DW: Apart from BCMA, what are some novel therapeutic targets being researched in MM that are particularly of interest to you?
I think one of the important component for going to the next stage, because until we cure the disease, we got to find improved treatment. And so knowing CART T works very well and the immune system works well … The BiTEs work well too. They’re not yet in the commercial setting yet, but we have very good data from multiple other BiTEs that they do provide significant, similar to CART T, efficacy in many patient populations. So now other targets are being evaluated from the immune point of view. And if you look at what those targets are, they are the ones which are the molecules which are expressed specifically on surface of myeloma cells and are not expressed, or are not functionally important in other cells. The one which has now gone further to having both a BiTE and CART T cell being investigated, is a molecule called GPRC5D, and that’s an exciting second molecule that will provide us good immune targeting.
There’s another one, which is moving forward, is called FCRL5, and another target that is also going forward for some of these mechanisms. So besides this, there are certain other standard myeloma related targets like the CS1 or SLAMF7, which is being investigated. We had investigated NKG2D previously … and then CD38 and CD138 are also targets, although the focus has not yet been CART T or BiTE yet.
So that’s one component of it. The second component to keep in mind to improve the efficacy of CART T, or [similarly], to now change various aspect of the product itself, not just the target, but the product. So it can be that we could have two targets on the CART T cells. We can produce CART T cells with more memory phenotype, like culturing them in protein kinase inhibitor. There are CART Ts which has been gene edited, knock down a PD1 or [similar targets]. There are allogeneic CART T cells so we don’t have to make CART T for each patient. You can take it out of the bottle. And then there are concepts of peptides stimulated T cells being used for vaccination, et cetera. And then we also have other mechanism, for example, if we decrease the shedding of BCMA, then there’ll be BCMA on cells under myeloma cells, using what is called gamma secretase inhibitor, and you can increase efficacy. And then using CART T at an earlier stage of the disease, and quite importantly, using some maintenance treatment so that it can persist and provide better, et cetera, reduction and possibly long-term disease control. And so these are various CART T-related, newer methods being evaluated for immune mechanism.

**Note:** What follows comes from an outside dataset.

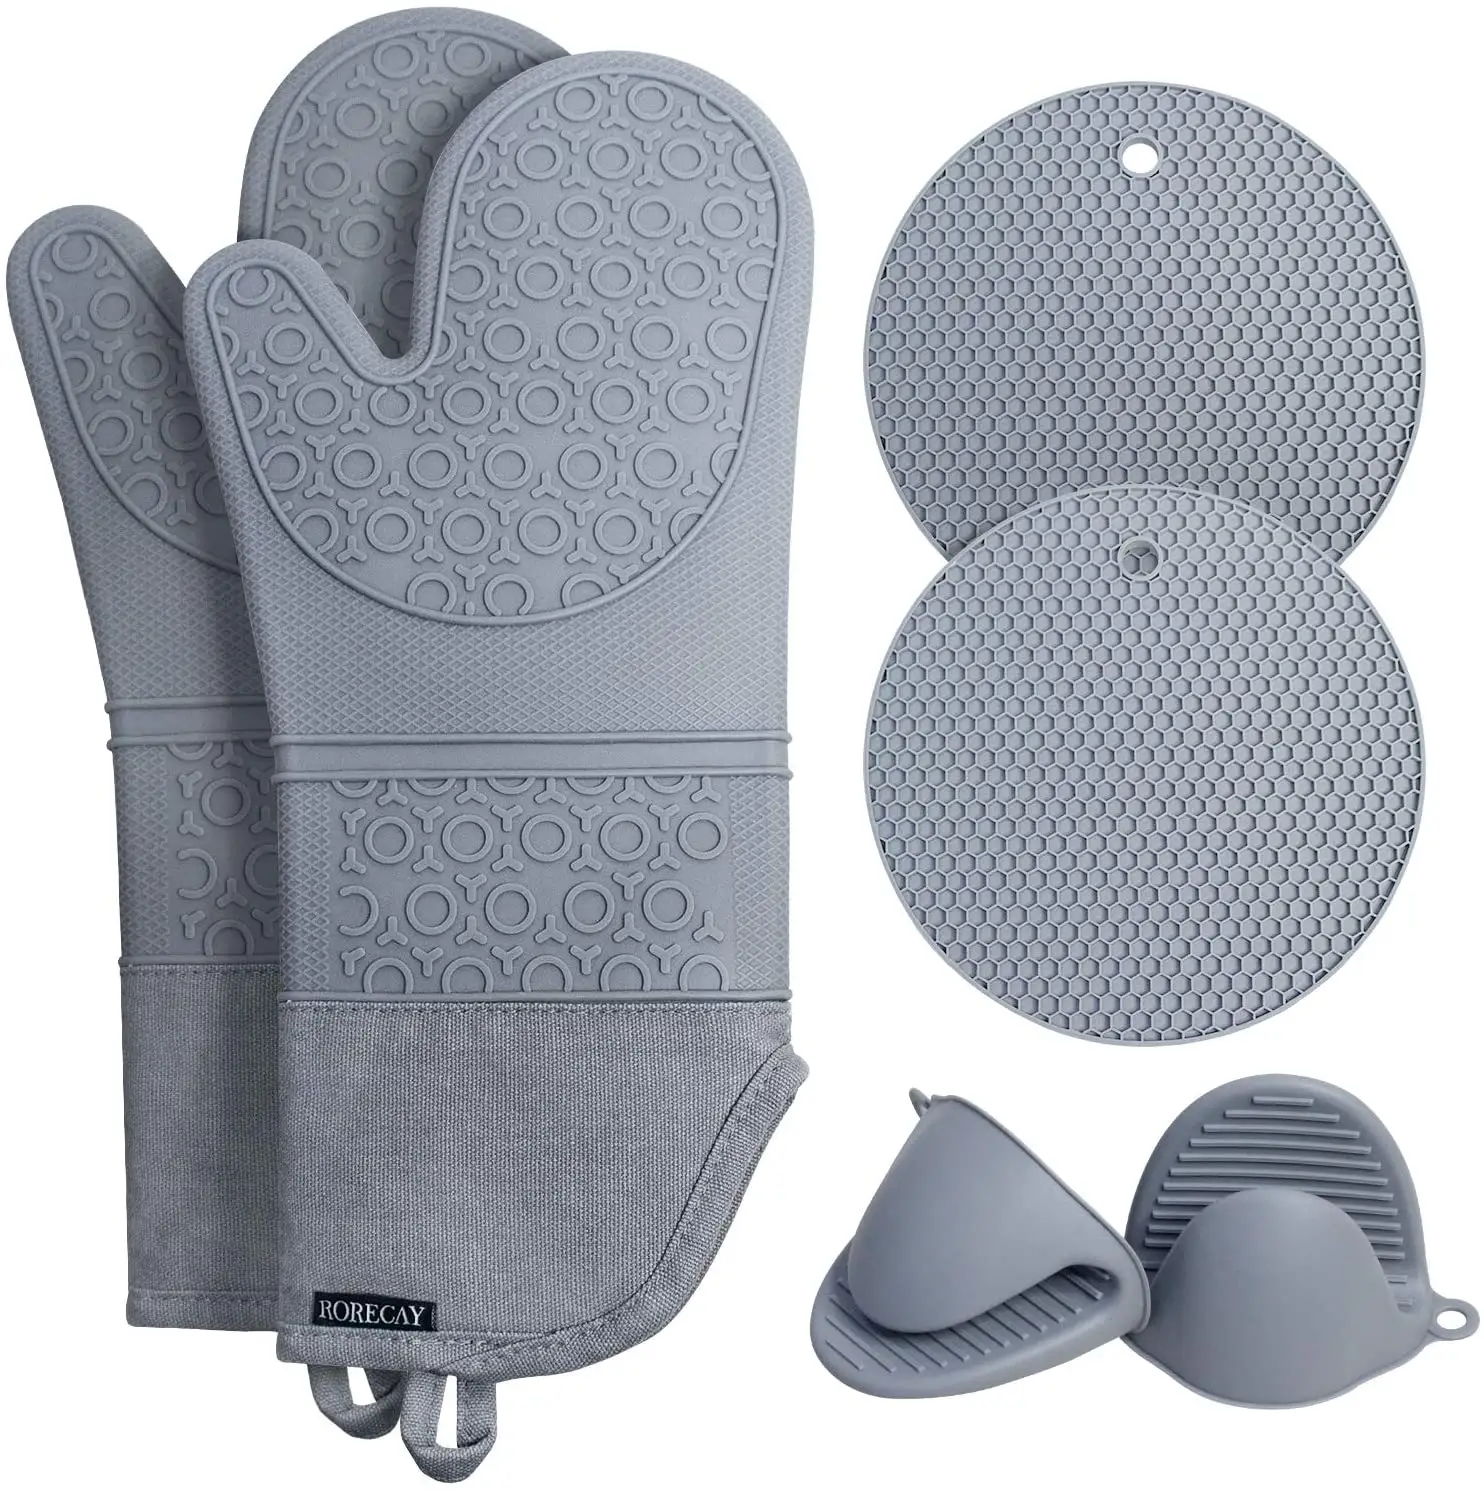 Kingwise Kitchen Heat Resistant BBQ Grill Baking Oven Mitts Microwave Safe Silicone Oven Gloves with Clips Mats
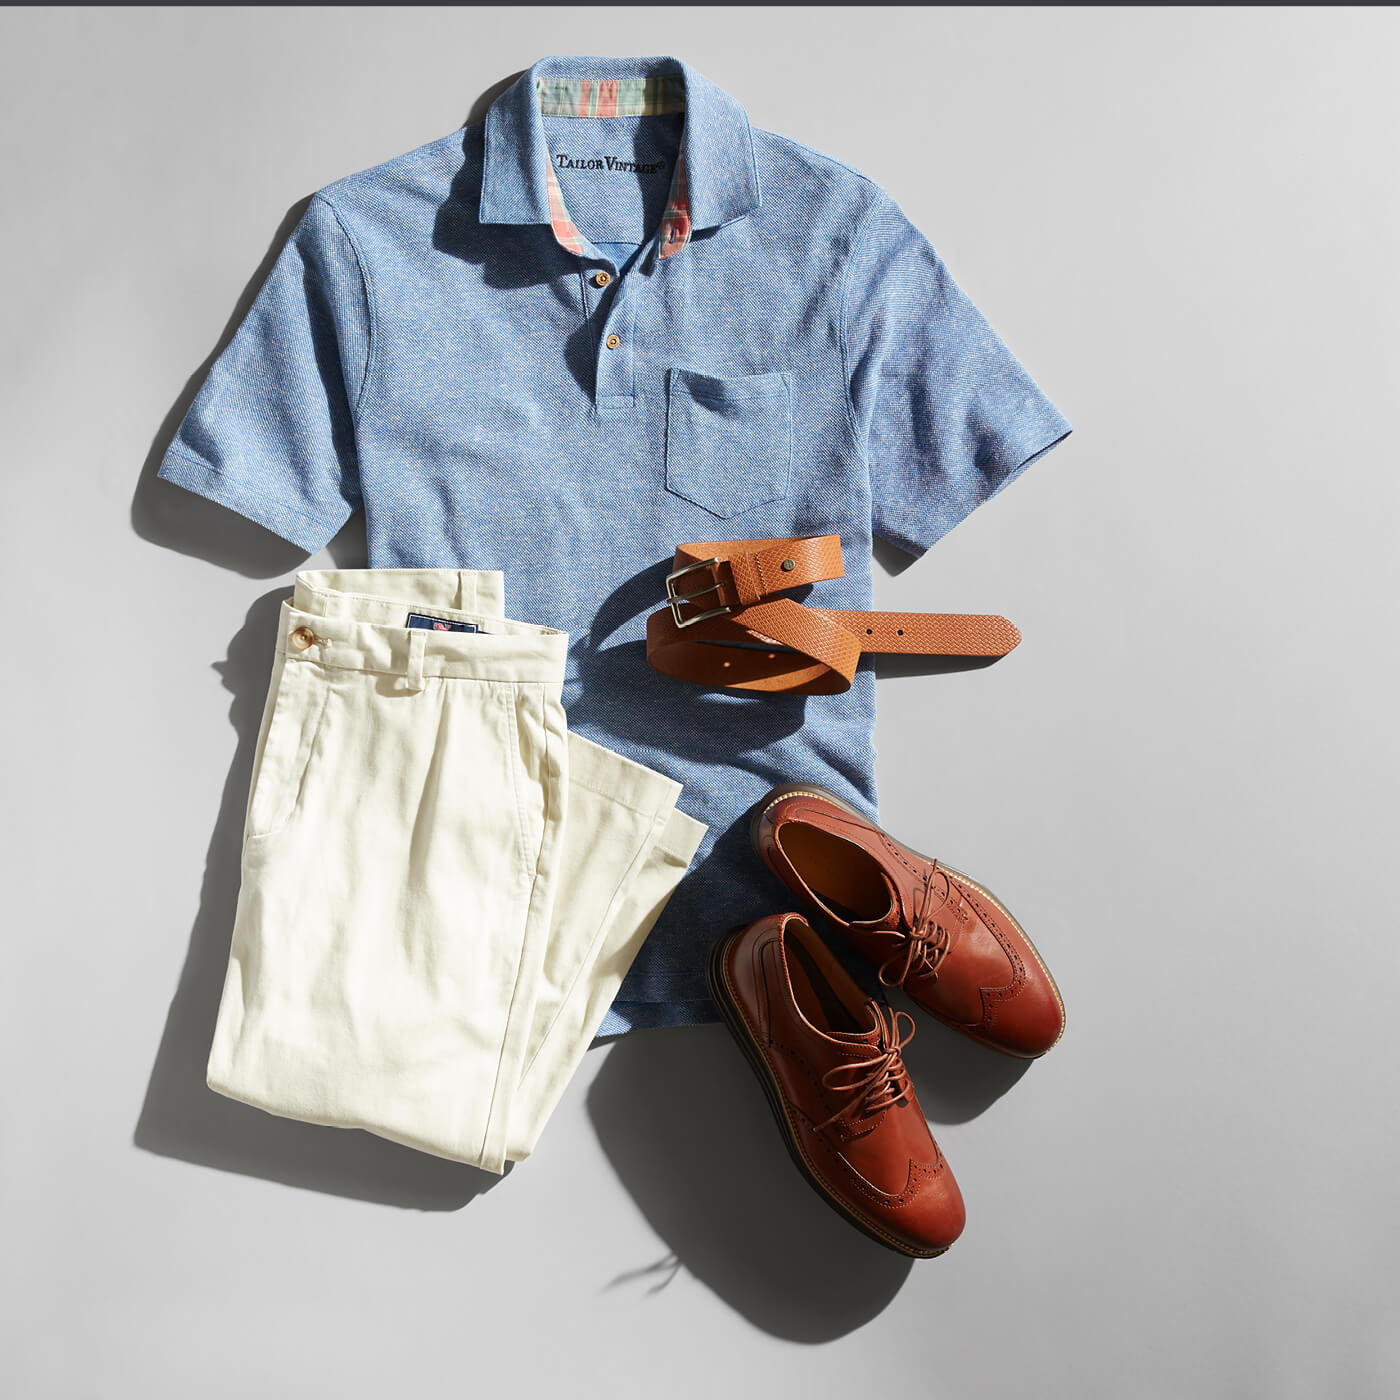 How to Dress for Work in the Summer | Stitch Fix Men

There are many other targets under investigation for myeloma, not immune driven, but protein degradation using ubiquitin enzyme targeting, or protostome receptors being targeted. There are many genomic and mutation targeting agents such as dabrafenib and trametinib being investigated. So there’s already ongoing studies, but focused on immune function, which is what has been the most successful recently, there are lots of new targets is being evaluated.